Western Digital (WD) is pursuing an energy strategy aimed at sustainability as demand for AI storage accelerates. WD said on April 23 it published its FY2025 sustainability report outlining the plan.
As data generation and storage volumes rise with expanding AI systems, storage infrastructure is becoming more energy-intensive. WD said the report includes progress on improving energy efficiency per terabyte and cutting carbon. WD is a storage infrastructure company listed on the Nasdaq (WDC) and works as a strategic partner to major global cloud operators.

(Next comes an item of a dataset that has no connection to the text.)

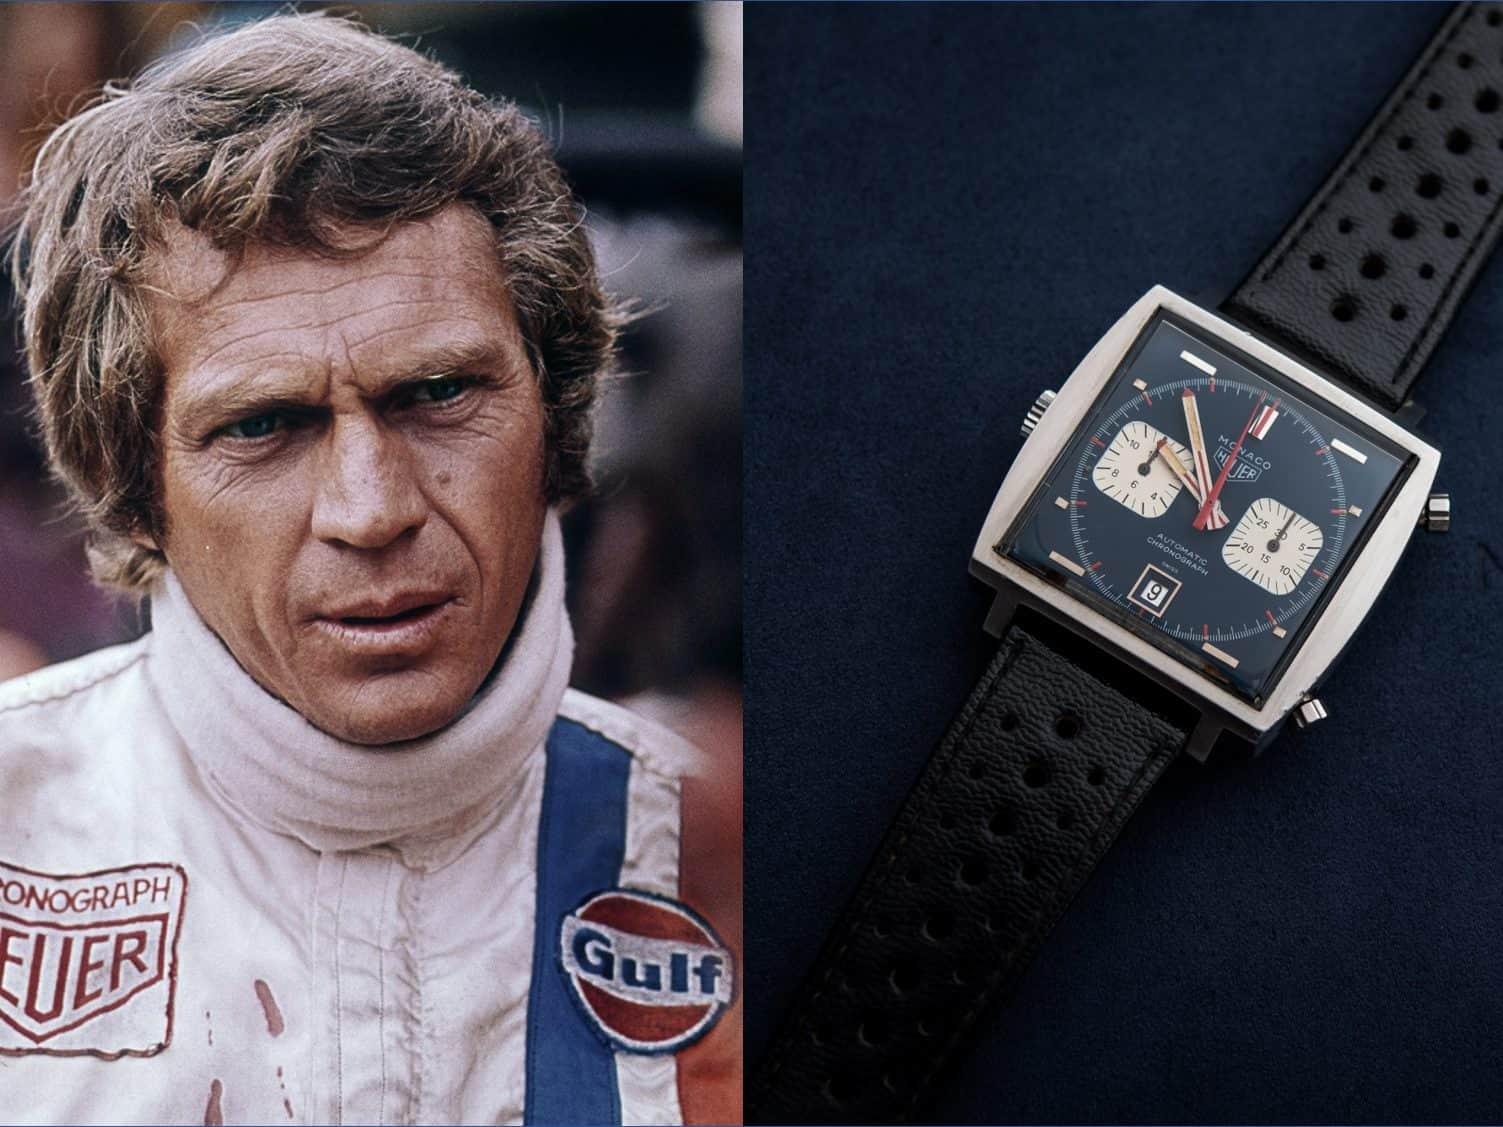 Heuer Monaco Steve McQueen Heuer Monaco Steve McQueen: Das ist ein Rekordpreis!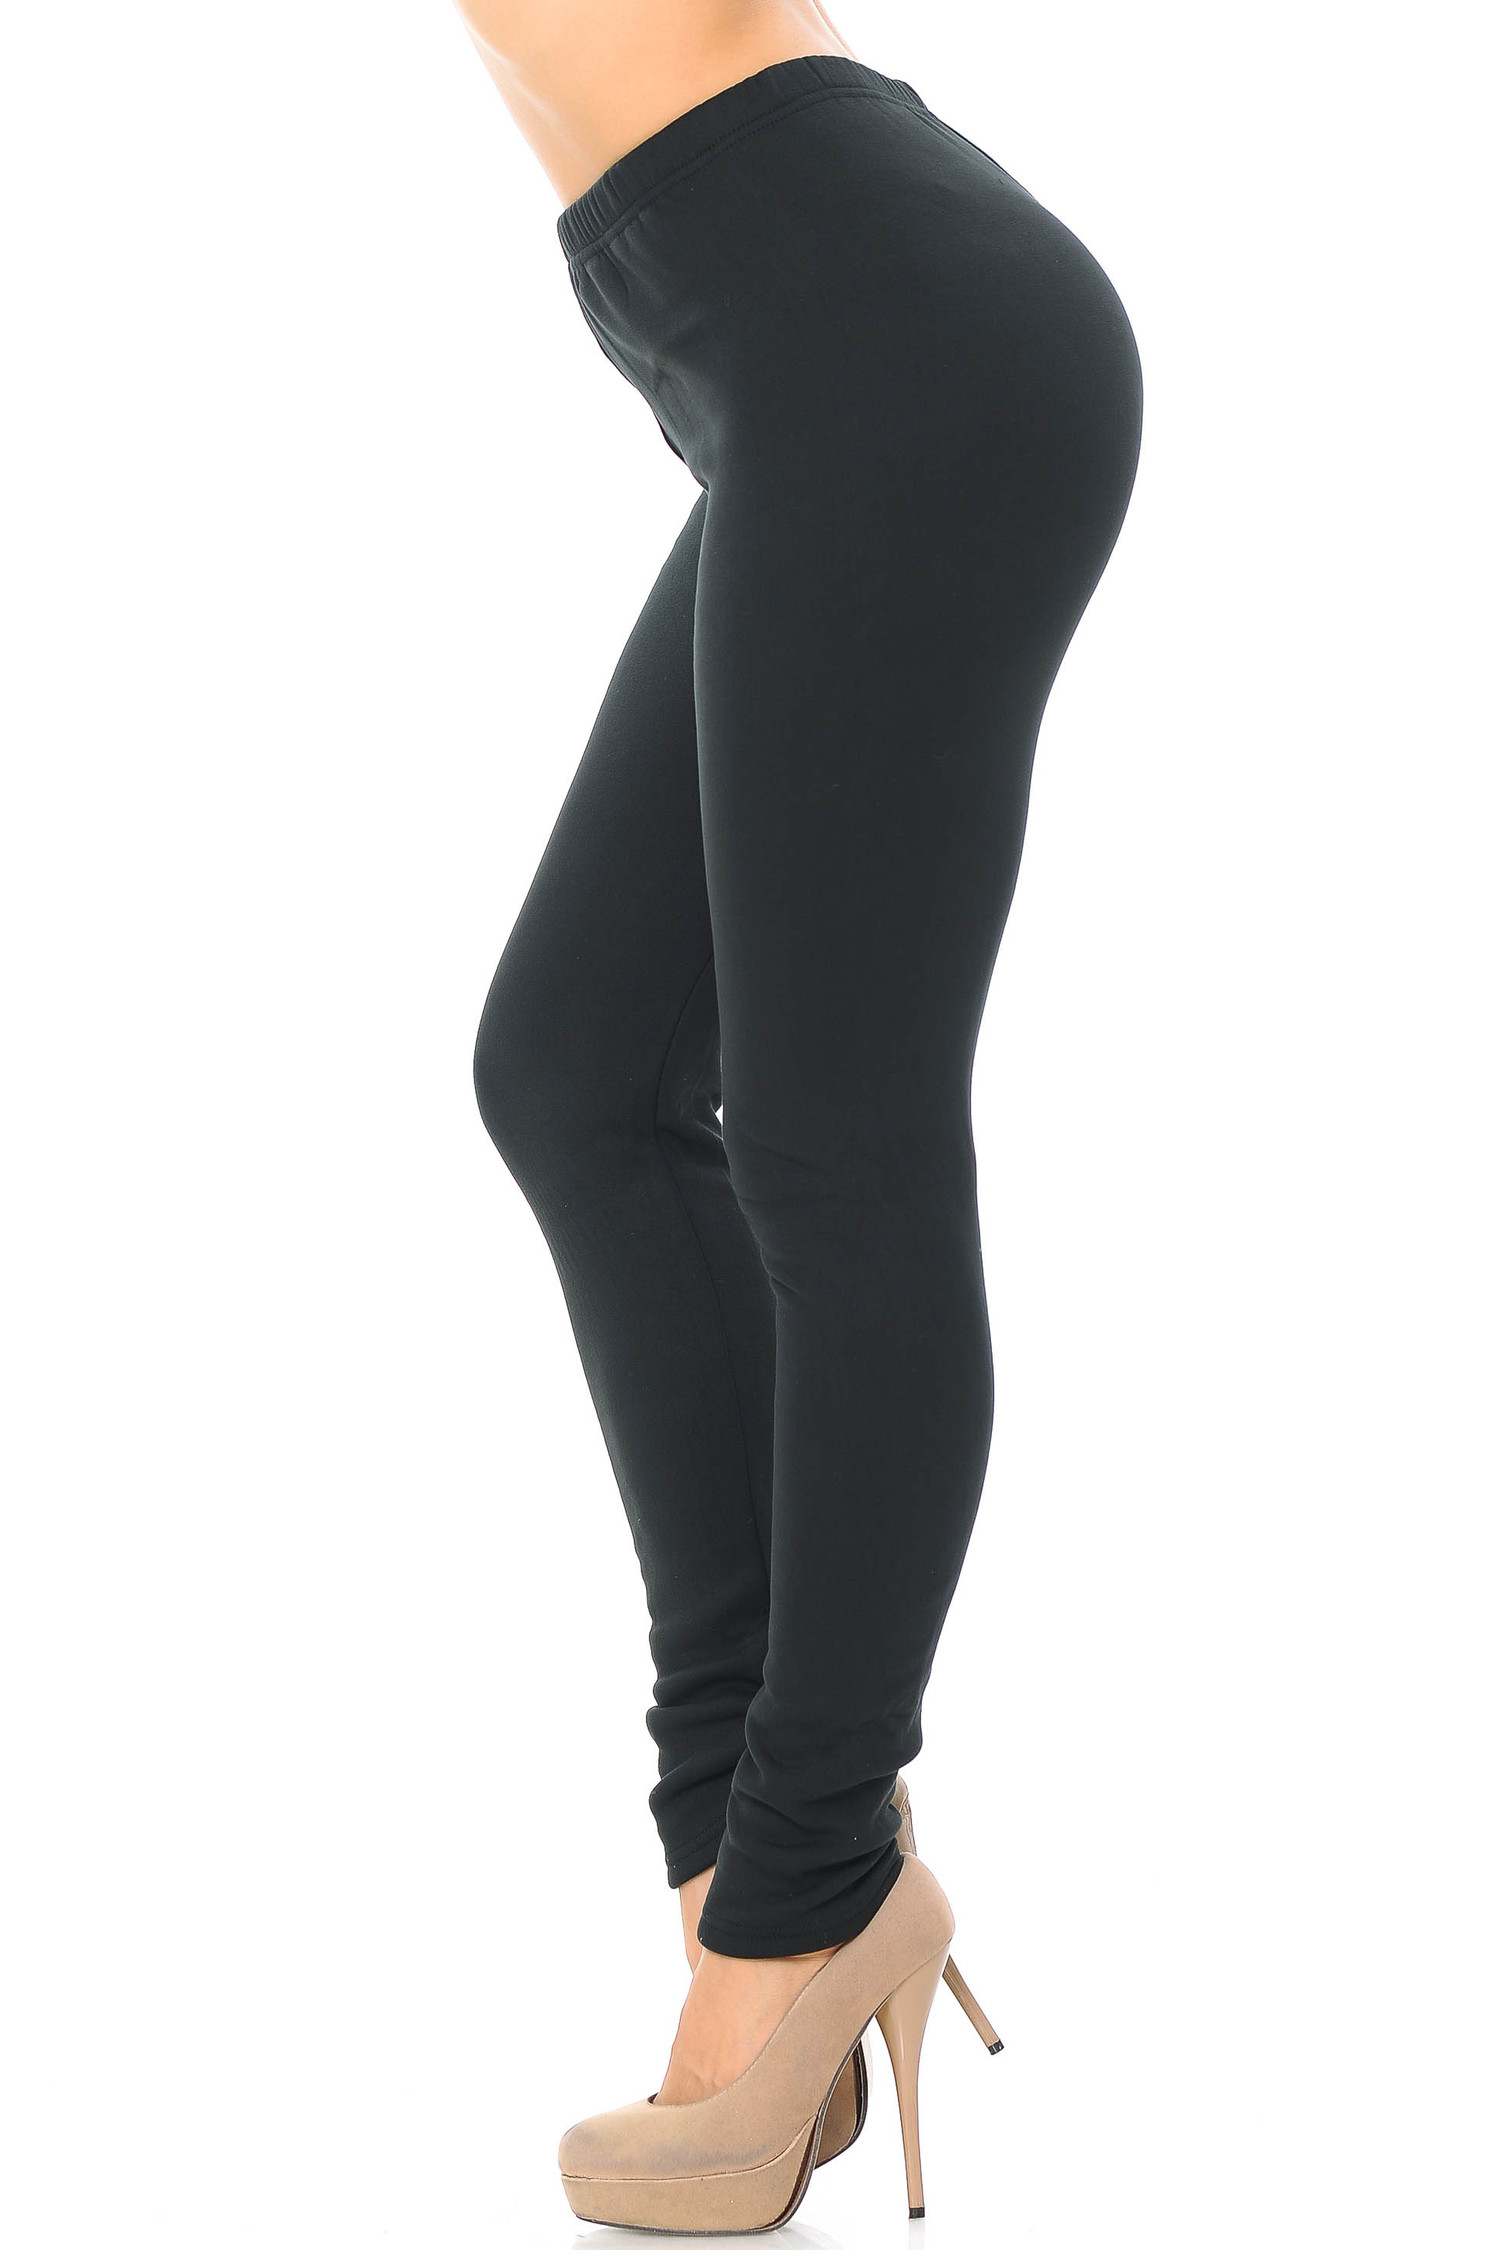 Left side of Creamy Soft Fleece Lined Plus Size Leggings - USA Fashion™

In energy, WD said it now operates all 5 manufacturing sites on 100 percent carbon-free energy and lifted the share of renewable energy across its global manufacturing sites to 66 percent. WD said it aims to transition all manufacturing sites to carbon-free energy by fiscal 2030. It said emissions intensity per petabyte in the product-use phase fell 31 percent from fiscal 2020. In the supply chain, WD said it expanded its Scope 3 decarbonisation targets and set a new goal, as of fiscal 2024, to cut direct materials-related emissions 20 percent by fiscal 2030.
In the circular economy segment, WD said it achieved a 36 to 38 percent share of recycled materials in enterprise HDD products in fiscal 2025 and a 74 percent share of recycled materials in packaging. It said this already exceeds its fiscal 2030 target of 72 percent for packaging. WD said it also set a new goal to raise the share of recycled materials in products to 43 percent by fiscal 2030.
In rare-earth recovery, WD said it pursued the first pilot programme in the United States. WD said it ran a programme with Microsoft, Critical Materials Recycling and PedalPoint to recover rare earths from used HDDs, achieving a 90 percent recovery rate at the pilot stage. The programme was selected as a winner in the environmental impact category of the Environment+Energy Leader Awards.
On external recognition, WD said it received an "A-" leadership rating in the climate category from the Carbon Disclosure Project (CDP). It also made Newsweek's 2026 list of "America's Greenest Companies". WD said it was named one of the "World's Most Ethical Companies" by Ethisphere for the 8th consecutive year.
Jackie Jung (정재키), WD's chief sustainability officer, said the challenge is not limited to storing more data as AI drives unprecedented growth in data volumes. "Storing and operating efficiently even at scale is key," she said. "Everything we do, including recovering rare-earth materials that could otherwise disappear, strengthening accountability and transparency across the supply chain, and operating to the highest ethical standards, demonstrates our commitment to being a trusted partner for customers, communities and the planet," she added.